How Monty Python’s Dead Parrot Sketch Was Used to Rescue Parrots

Here’s a positive John Cleese story for once
How Monty Python’s Dead Parrot Sketch Was Used to Rescue Parrots

“The Dead Parrot Sketch” is no doubt Monty Python’s most famous comedy routine. Since it originally aired as part of Monty Python’s Flying Circus in 1969, the sketch has been performed in films, on stage and even in an episode of Saturday Night Live, which elicited little-to-no laughter because the studio audience was too busy mouthing the dialogue along with Michael Palin and John Cleese. 

The sketch became such an indelible part of modern culture, it was even quoted by Prime Minister Margaret Thatcher during a 1990 speech, although she reportedly didn’t actually understand the joke. (In retrospect, perhaps the “Upper Class Twit of the Year” would have been a better fit). 

Despite the fact that this sketch was predicated on the hilarity of buying a deceased bird, or ex-parrot if you will, its widespread popularity was later used to help save parrots. Yeah, this is a story in which John Cleese actually comes off looking like a pretty good guy for a change. 

Not unlike how monorail enthusiasts got pretty fed up with constant Simpsons jokes, in the 1990s, wildlife advocates were sick and tired of how most media coverage concerning parrot conservation would inevitably reference “The Dead Parrot Sketch” which, according to the World Parrot Trust, would “diminish the effect of any serious point that may be under discussion.” 

So the group decided to use the sketch to their advantage by enlisting Cleese’s help, hoping that he could “tell the world how important it is to preserve parrots in the wild and look after them well in captivity.” Cleese turned out to be a “committed conservationist” who had already been involved with “the restoration of lemurs in Madagascar,” so he happily joined the pro-living parrot cause. 

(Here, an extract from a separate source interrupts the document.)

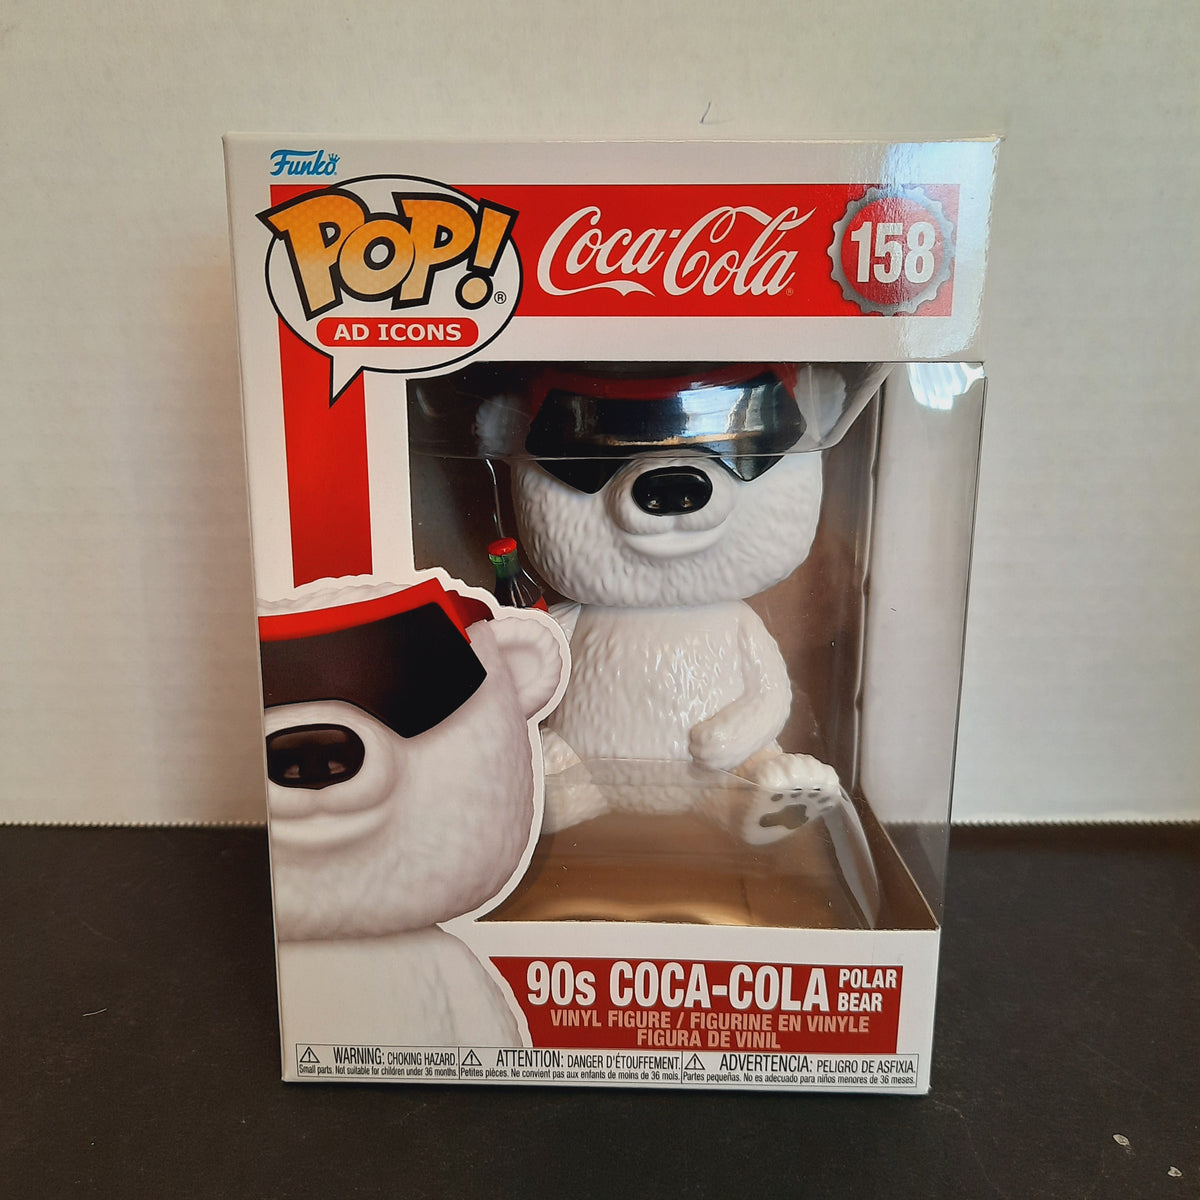 Buy Pop! 90s Coca-Cola Polar Bear at Funko.

Cleese helped to launch “World Parrot Month” in August 1999 by starring in the aptly-titled The Live Parrot Video, along with Groucho the “incredible singing parrot” (who had beautiful plumage, but was in no way nailed to his perch). Because it was made back when VHS tapes were worth their weight in cocaine-frosted gold, the five-minute video cost 25 bucks, plus shipping. Of course, it all went to a good cause. 


In the video, shot at the Santa Barbara Zoo, Cleese brings attention to the dangers posed to parrots, while making countless callbacks to the classic sketch. When first meeting Groucho, he remarks, “Now that’s what I call a live parrot.” While visiting another parrot, he notes that she is “very much alive, but her species is threatened with extinction.”

Cleese’s video was a big hit and generated “a great deal of publicity” for the World Parrot Trust and its “effort to push for stronger parrot protections.” For some reason, this success never led to similar promotional efforts from the cheese shop industry or lumberjack lobbyists.